Records from a data collection
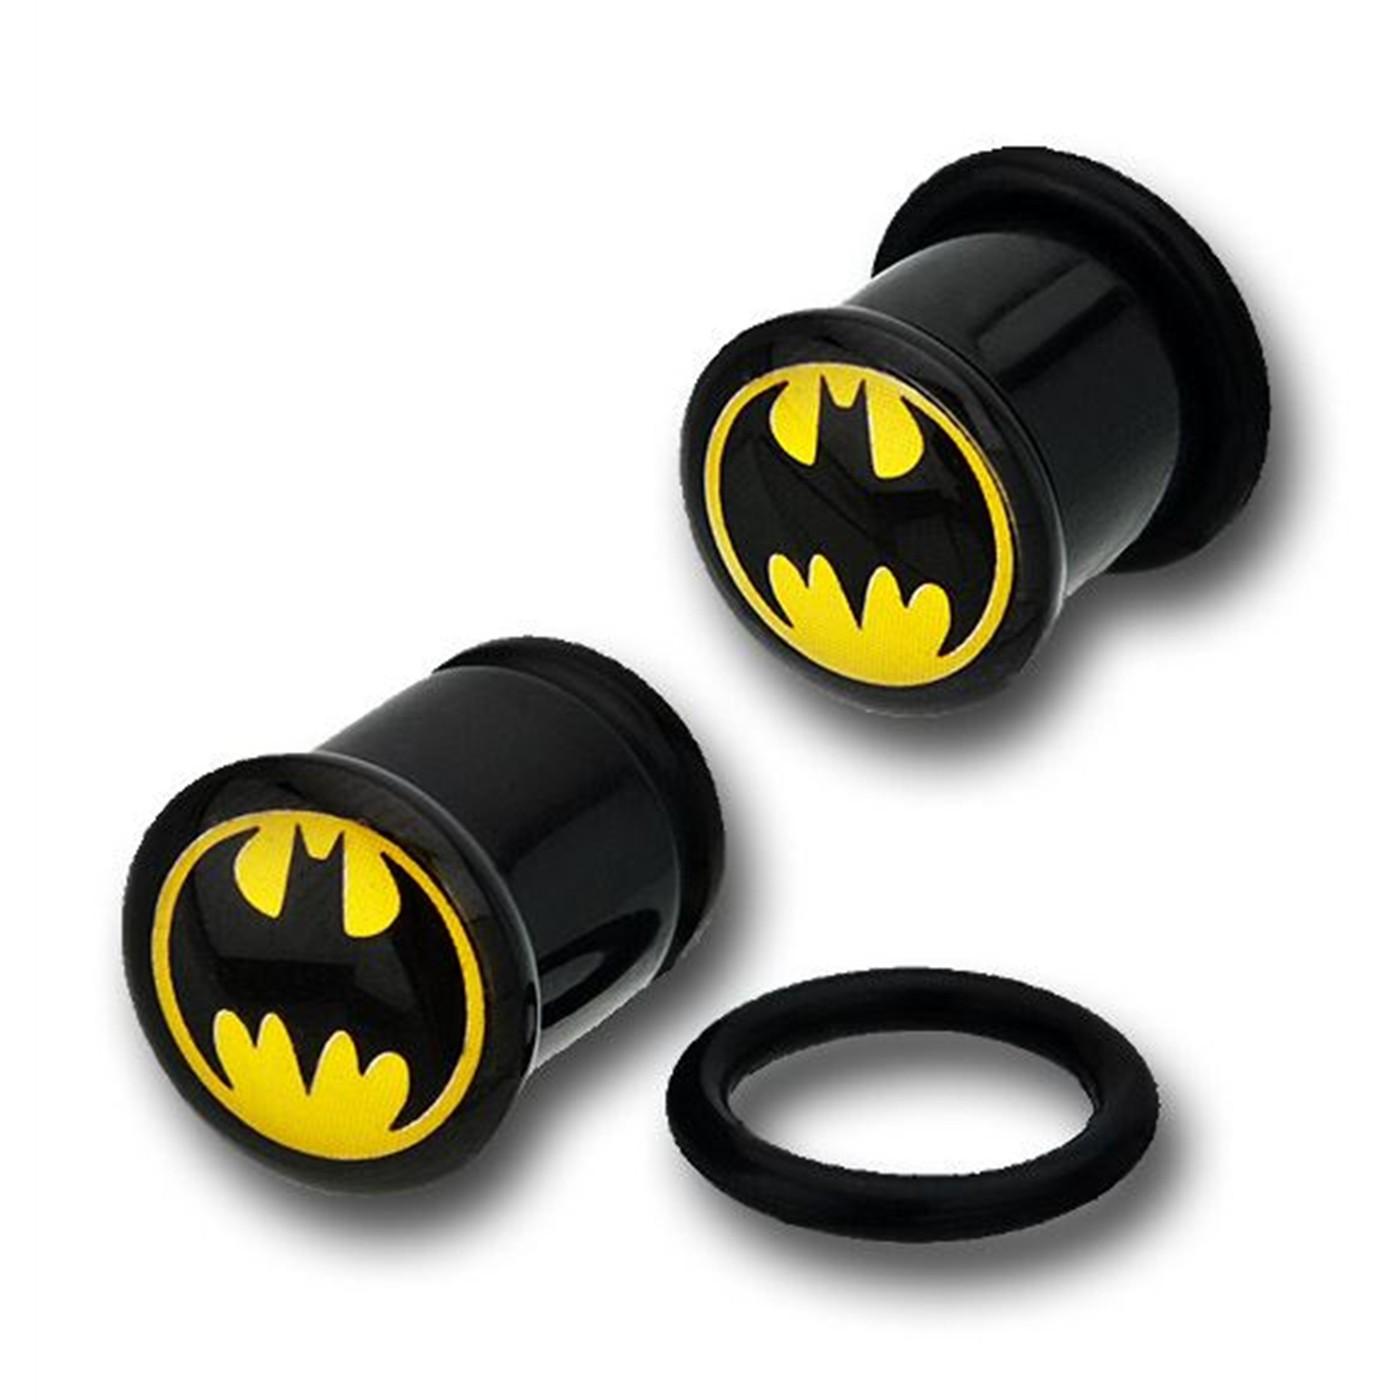 Batman Black Acrylic Single Flare Plugs
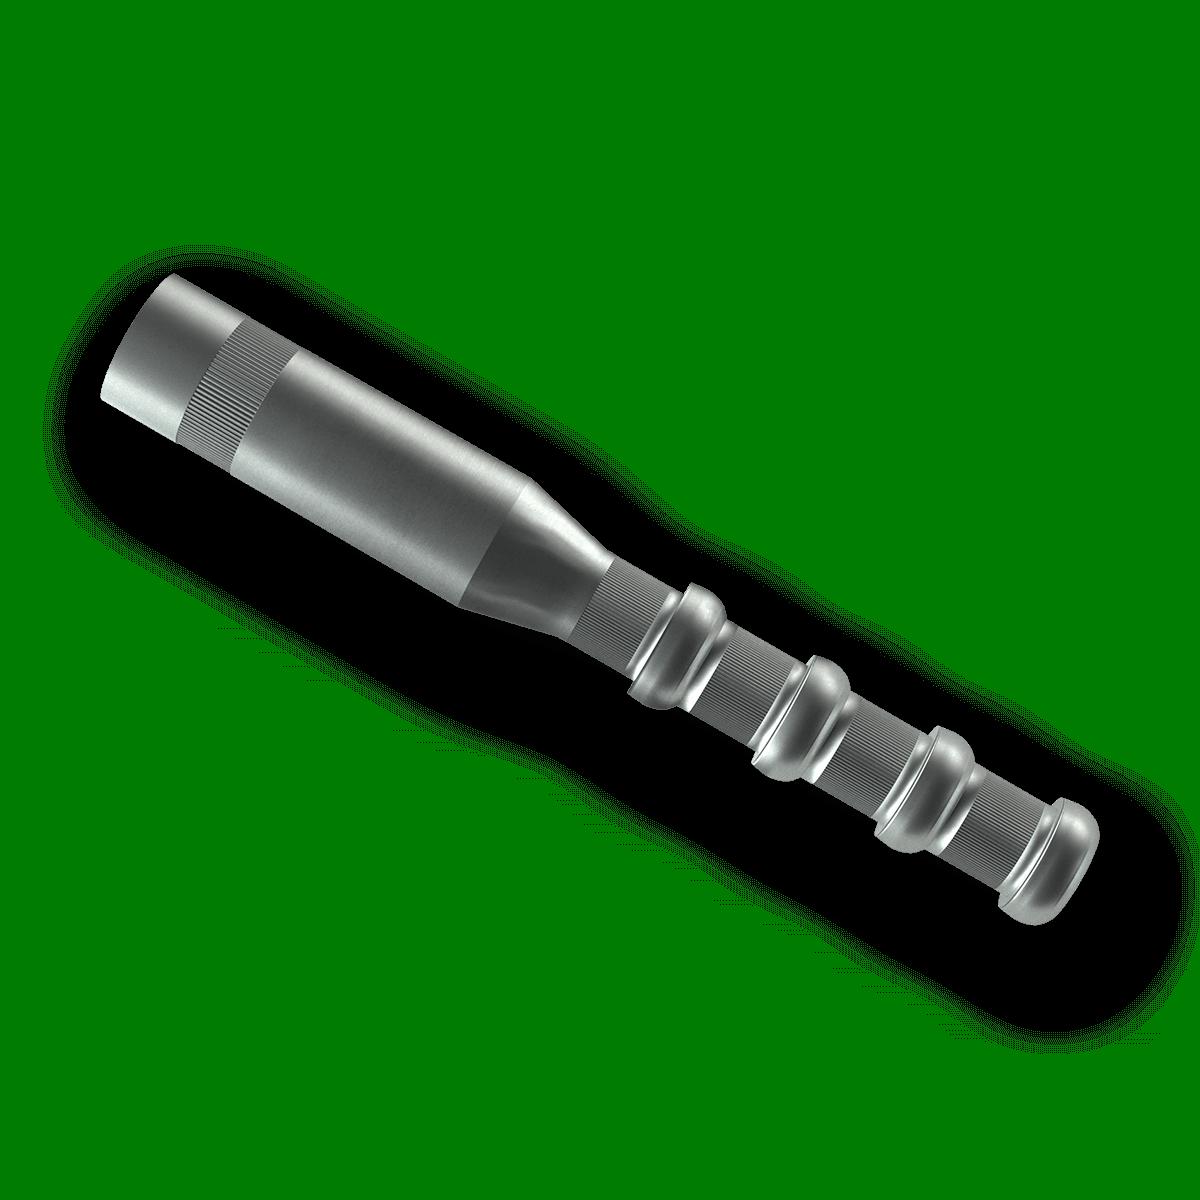 POWER-Sert™ Adhesive Insert Anchor — Type 304 Stainless Steel
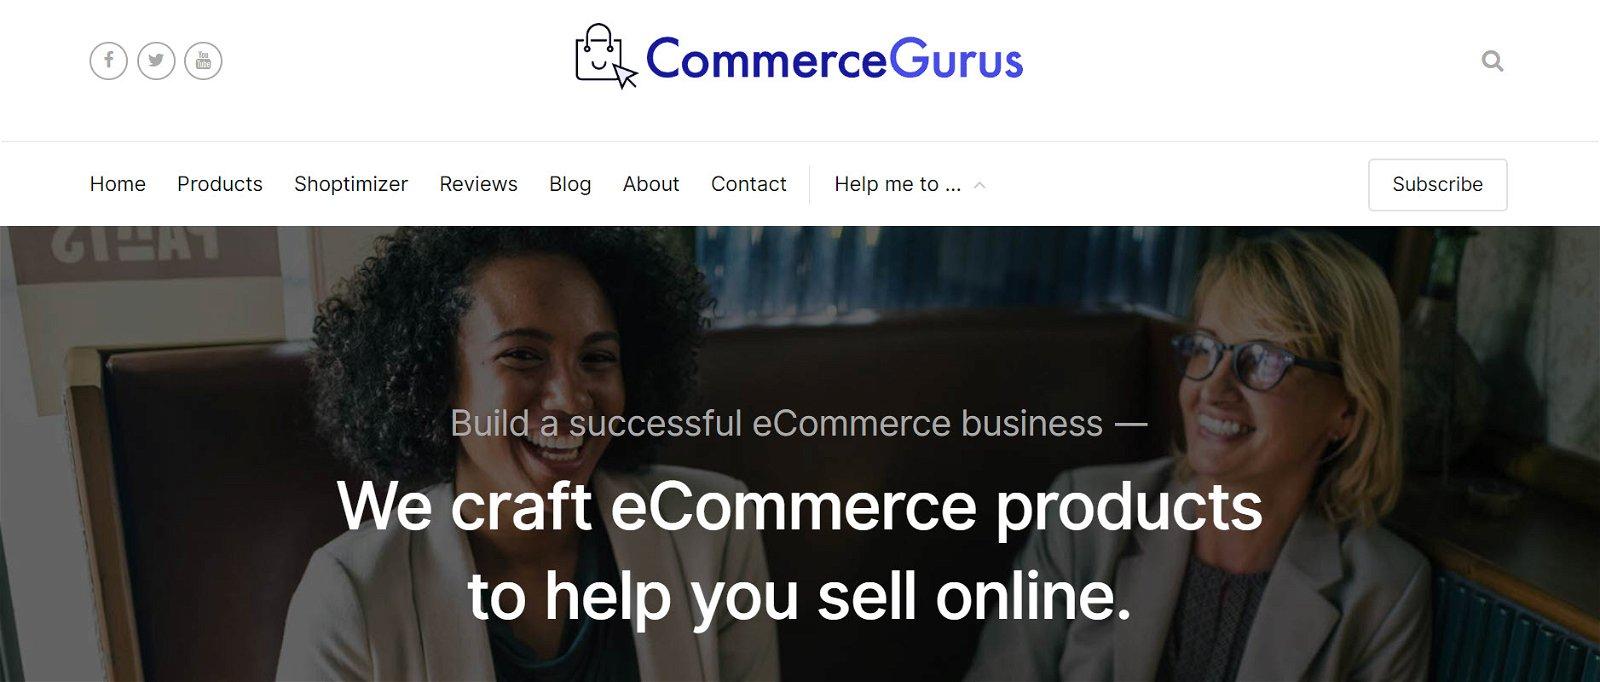 Simon Tomkins from CommerceGurus.com
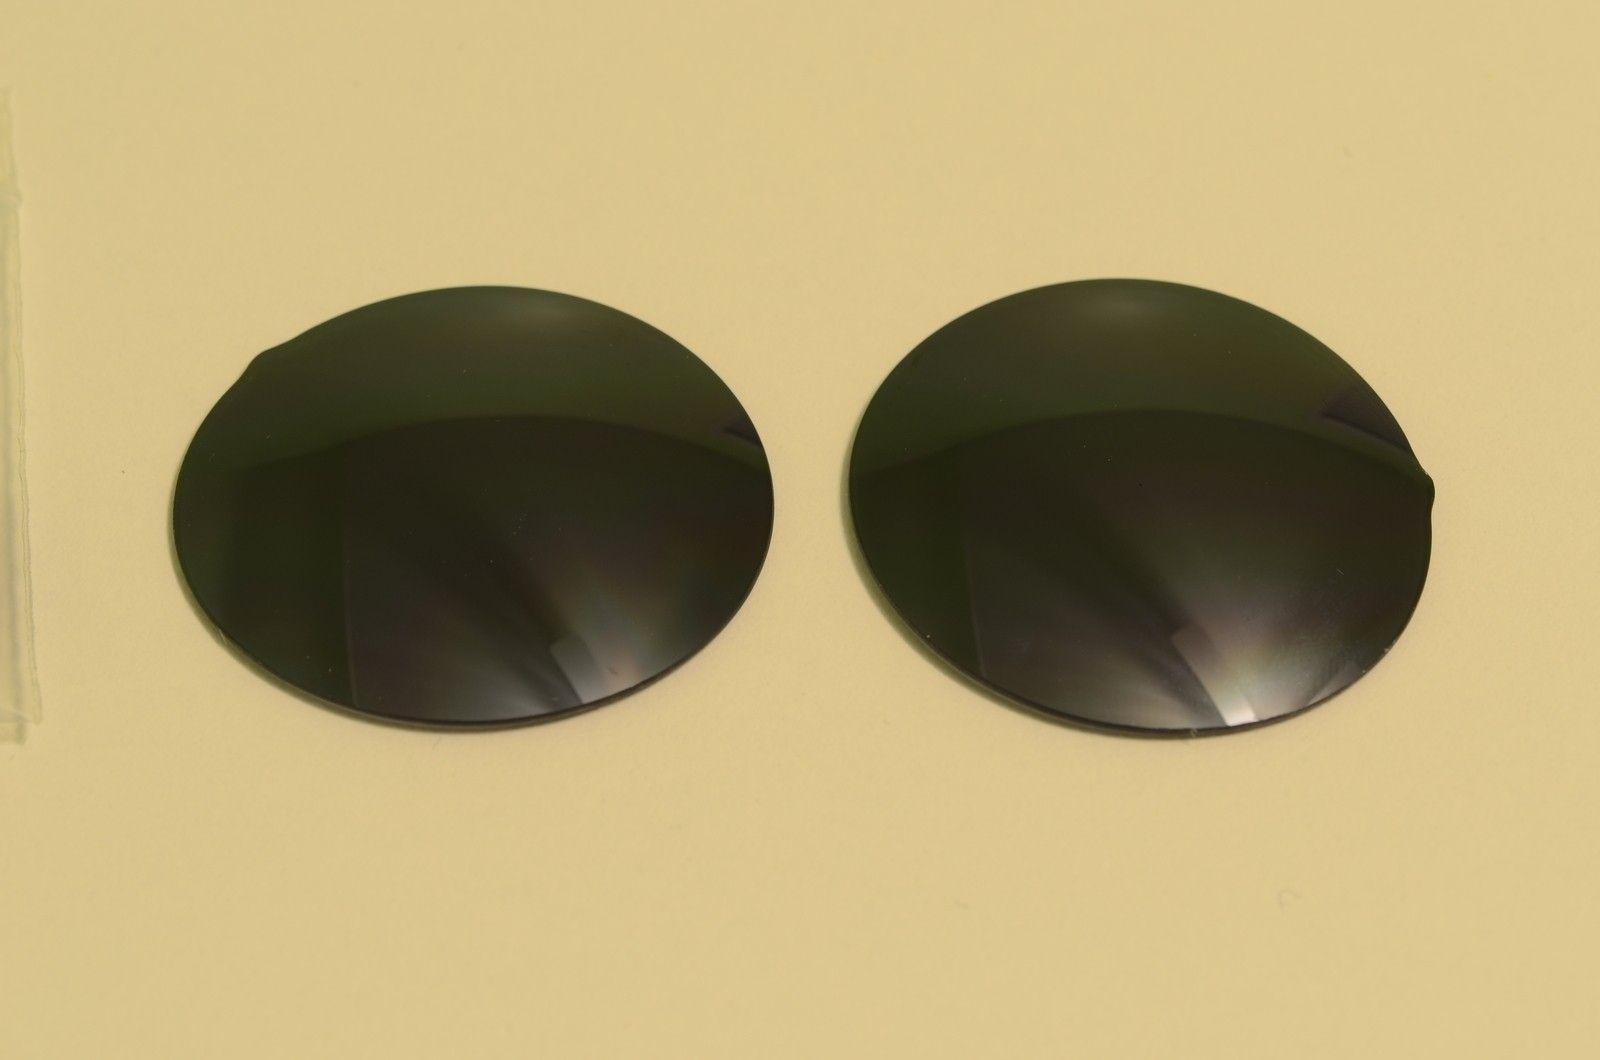 X Metal Mars Crater - Black Iridium and Fire Iridium lenses - DSC_0487.JPG
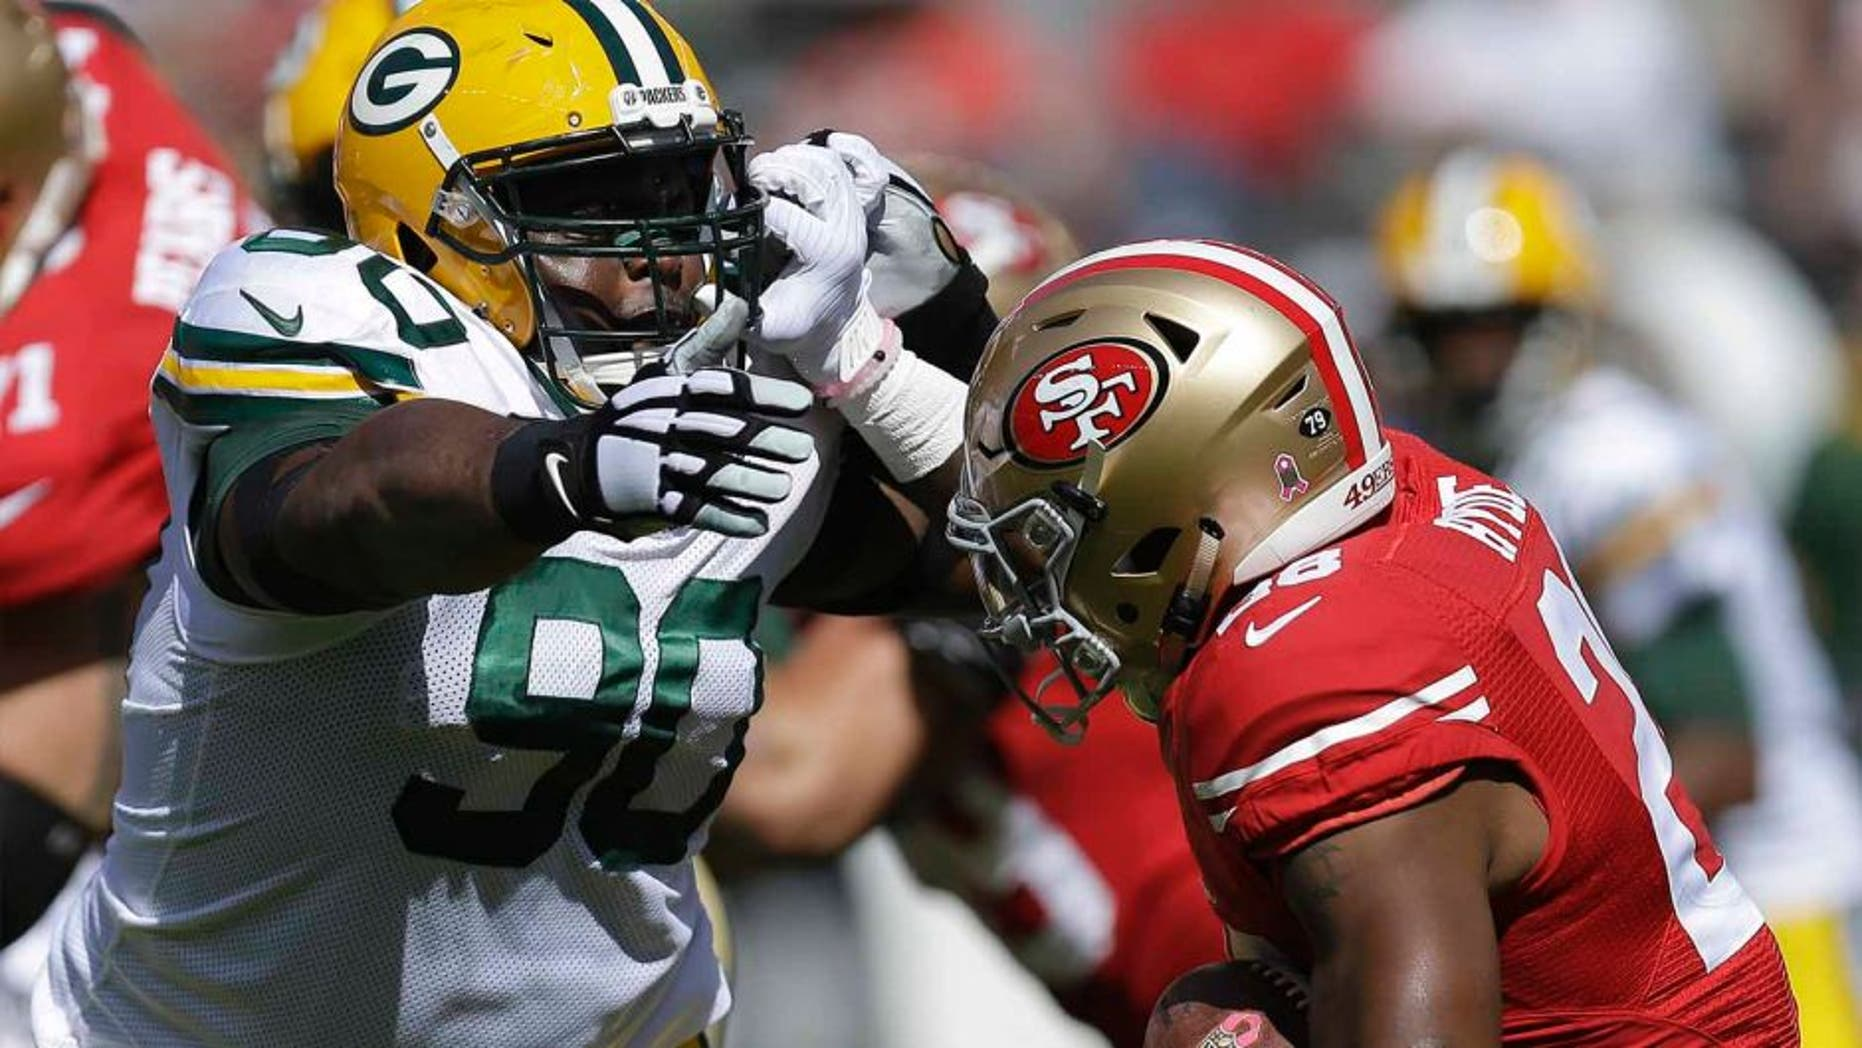 San Francisco 49ers running back Carlos Hyde (right) runs against Green Bay Packers nose tackle B.J. Raji during the first half in Santa Clara, Calif., on Sunday, Oct. 4, 2015.
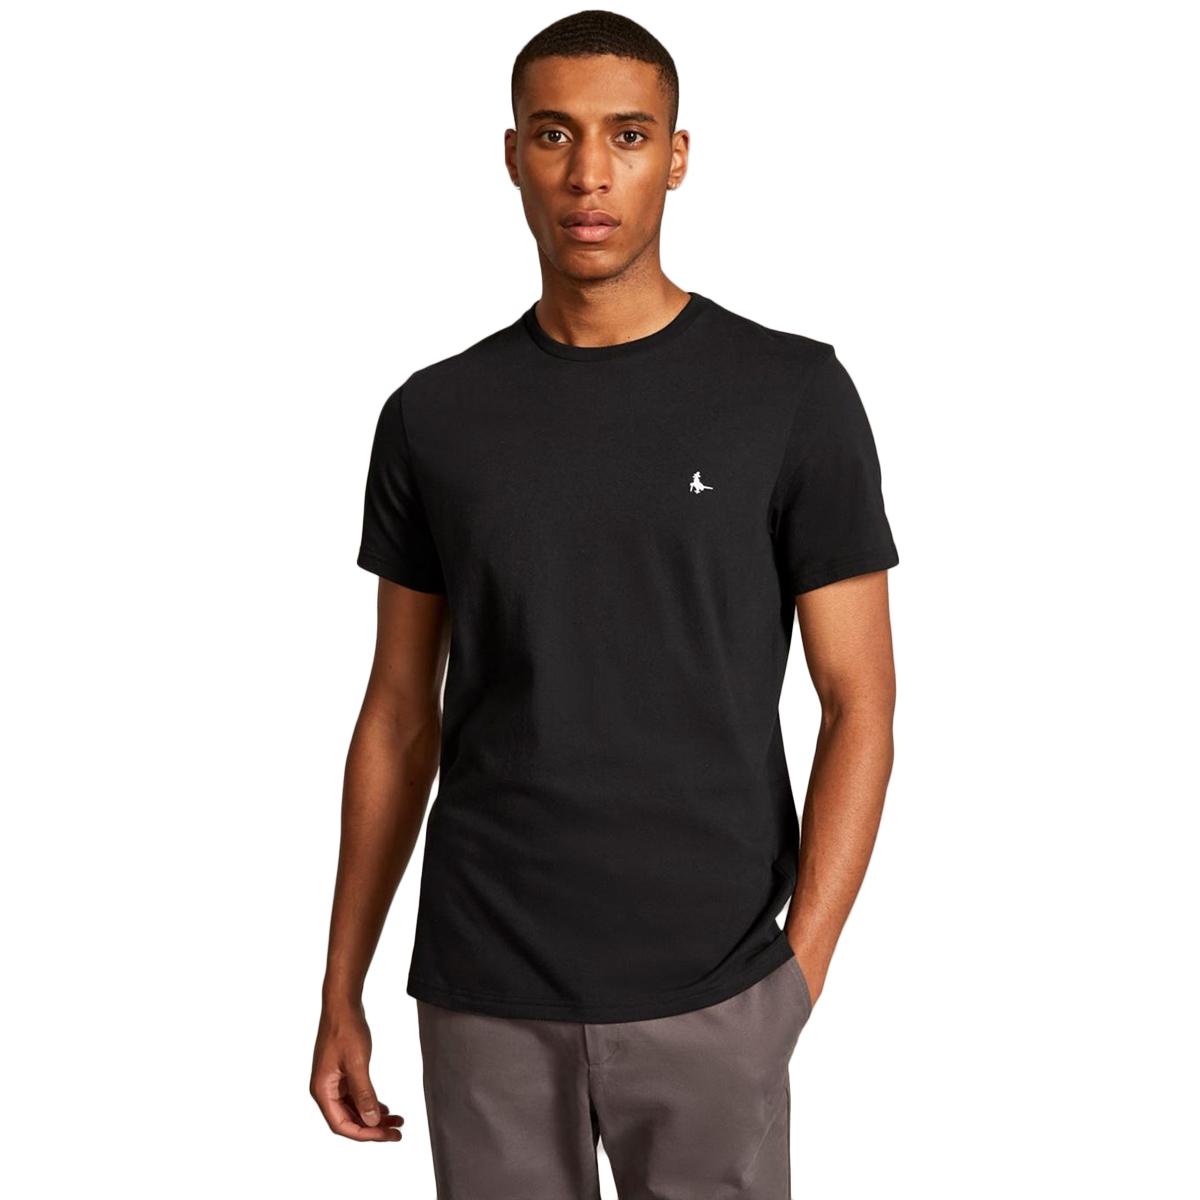 Jack Wills Men's Sandleford Basic Short-Sleeve Tee - Black, L

▶ _DIRECTIONS_
Print an exact copy of the lines above, from the one containing "POWER-Sert™ Adhesive Insert" through the one containing "San Francisco 49ers", and leave out the pictures.

▶ _COMPLETED TASK_
 POWER-Sert™ Adhesive Insert Anchor — Type 304 Stainless Steel
 Simon Tomkins from CommerceGurus.com
 X Metal Mars Crater - Black Iridium and Fire Iridium lenses - DSC_0487.JPG
 San Francisco 49ers running back Carlos Hyde (right) runs against Green Bay Packers nose tackle B.J. Raji during the first half in Santa Clara, Calif., on Sunday, Oct. 4, 2015.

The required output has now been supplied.